Personal information
- Full name: Jade Sheedy
- Born: 18 December 1979 (age 46)
- Original team: Mildura Imperials
- Height: 181 cm (5 ft 11 in)
- Weight: 78 kg (172 lb)

Playing career^{1}
- Years: Club / Games (Goals)
- 2000–2012: Sturt / 255 (117)
- ^{1} Playing statistics correct to the end of 2012.

Career highlights
- SANFL premiership player: 2002; Magarey Medal: 2002; 3x SANFL premiership coach: 2020, 2021, 2026;

= Jade Sheedy =

Australian rules footballer

Jade Sheedy (born 18 December 1979) is a former Australian rules footballer who played with the Sturt Football Club in the South Australian National Football League (SANFL).

Recruited to Sturt from Mildura club Imperials in 2000, Sheedy was a member of the Sturt premiership team of 2002, a year he won the Magarey Medal with teammate Tim Weatherald.

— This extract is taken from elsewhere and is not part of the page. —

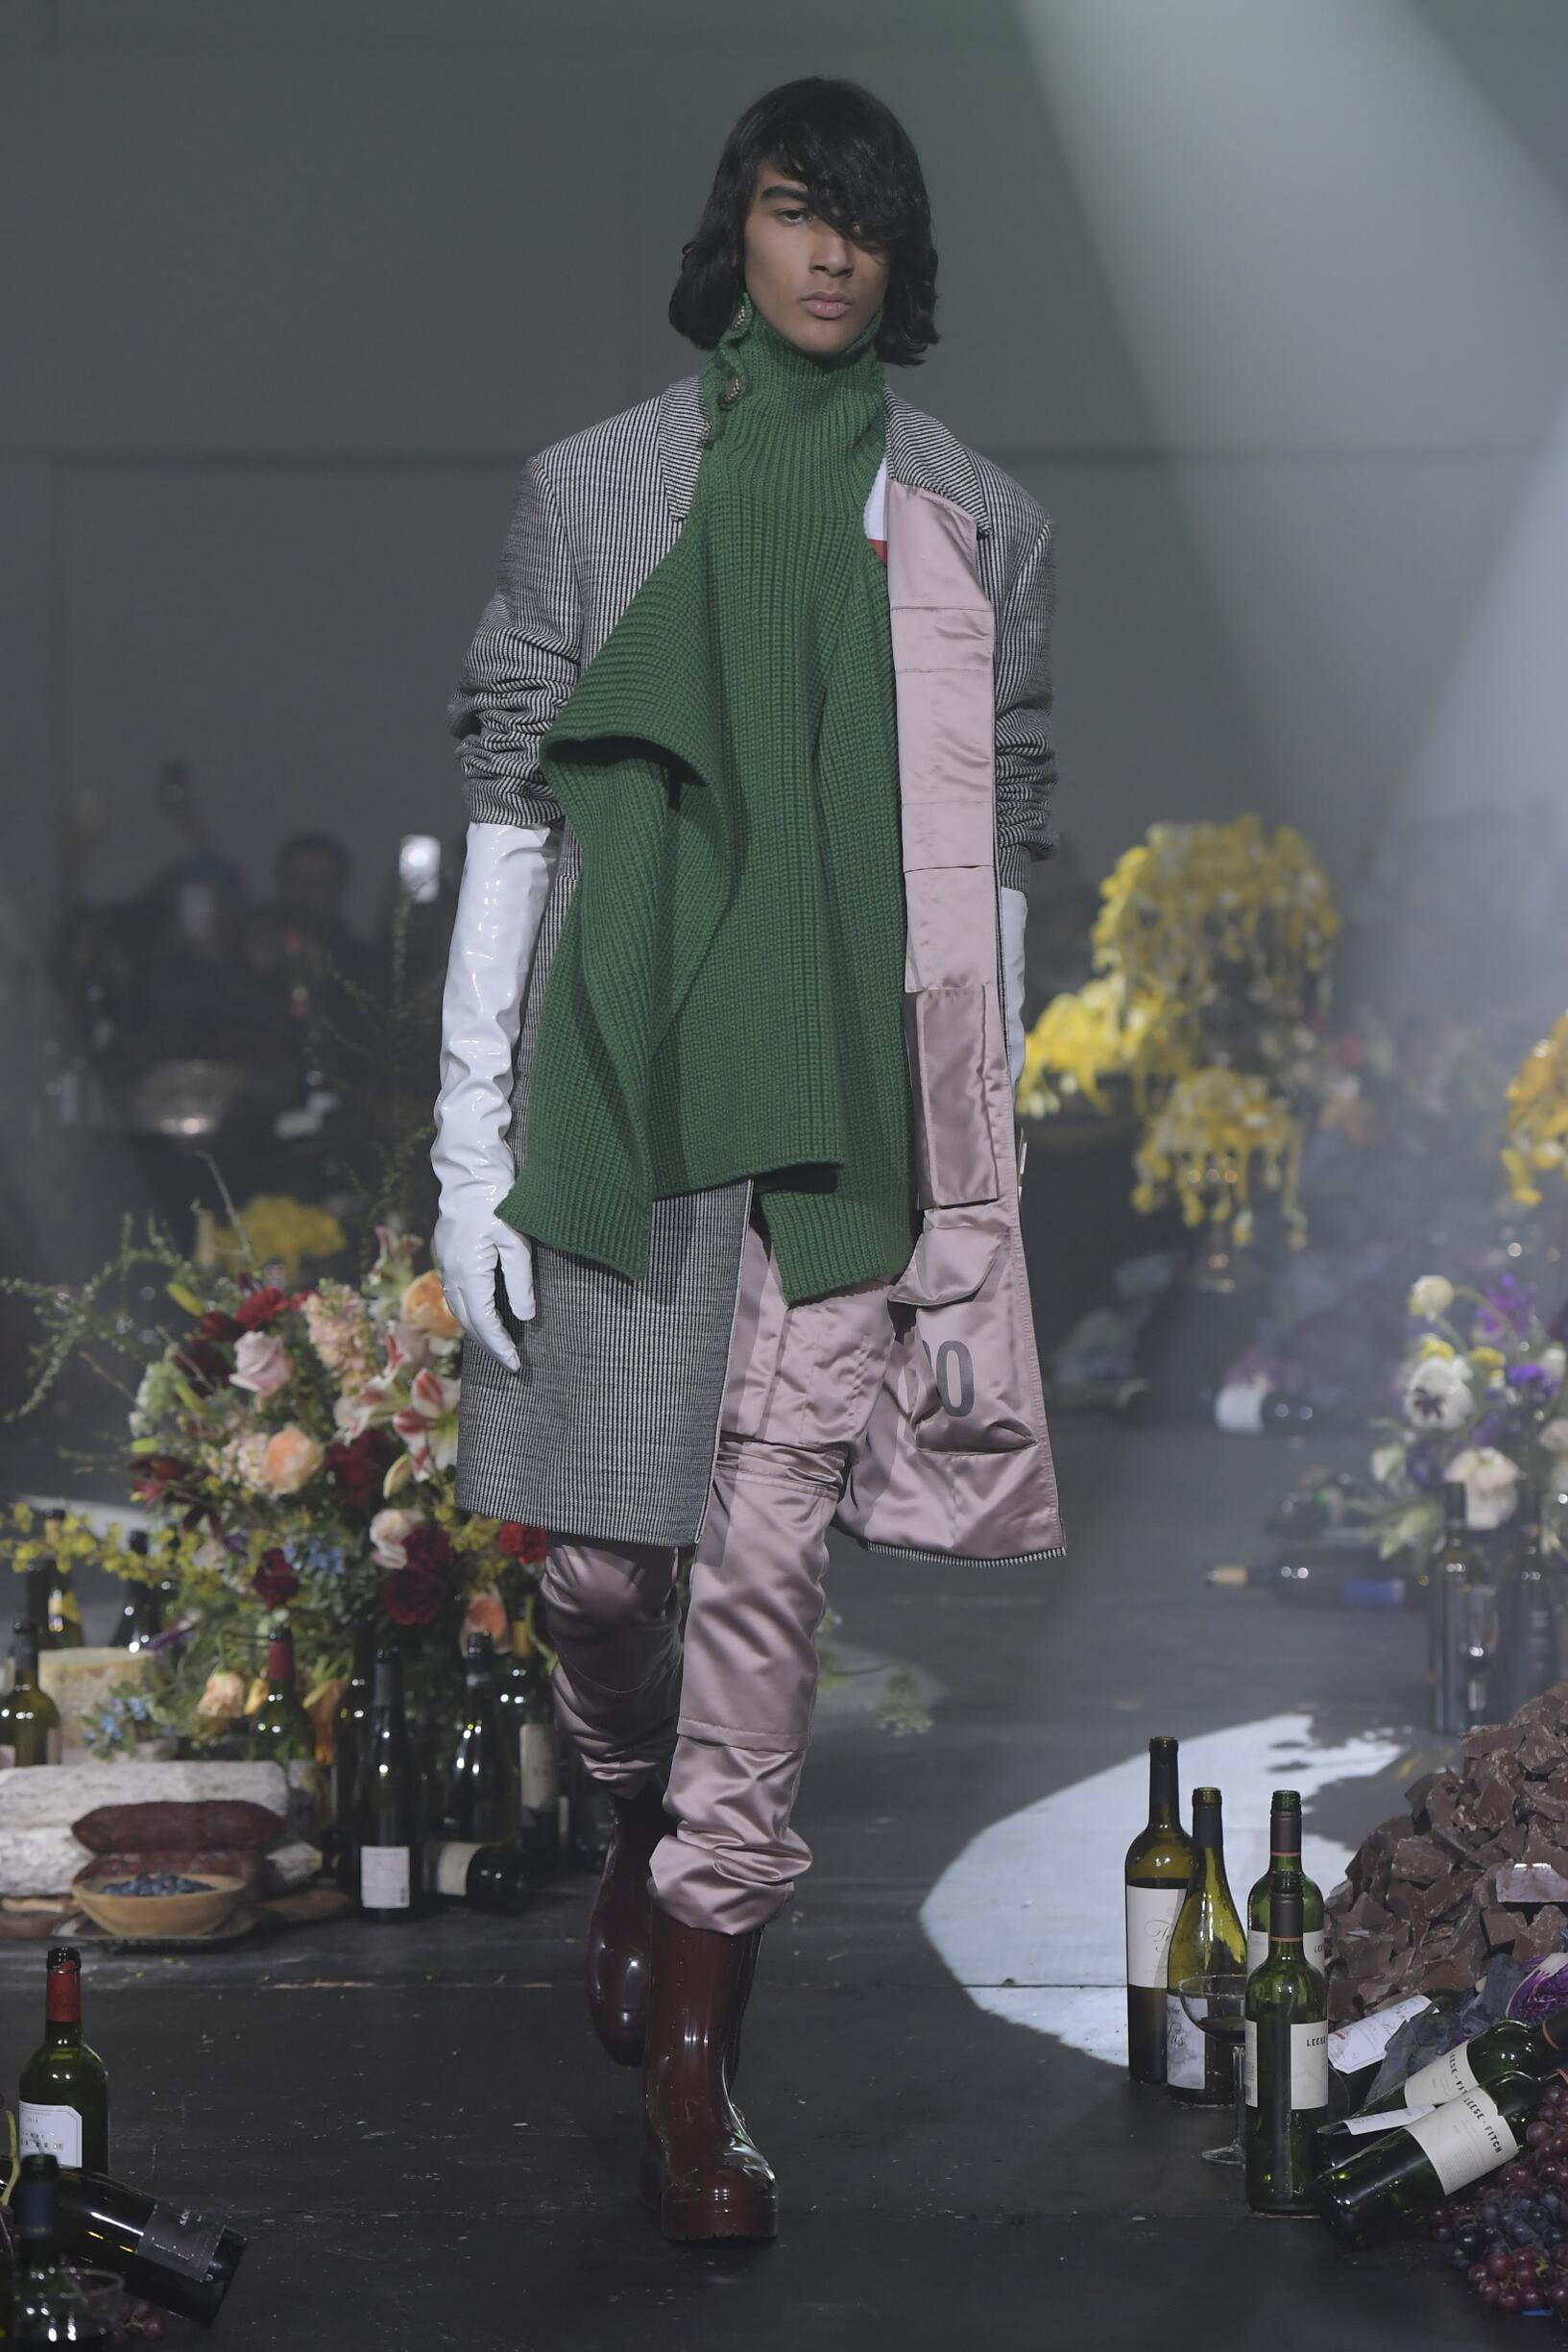 Model Fashion Show Raf Simons

He was Sturt captain from 2007 to 2012 and captained the state football team in 2008 and 2009.

Sheedy was appointed league coach of Woodville-West Torrens in 2020 and guided the Eagles to a Premiership in his first season at the helm, defeating North Adelaide by 39 points in the Grand Final.

In 2021, he coached the SANFL State team to victory over Western Australia at Adelaide Oval. Also in 2021 he became the first Woodville-West Torrens coach to lead the team to back to back premierships defeating minor premiers Glenelg at Adelaide Oval.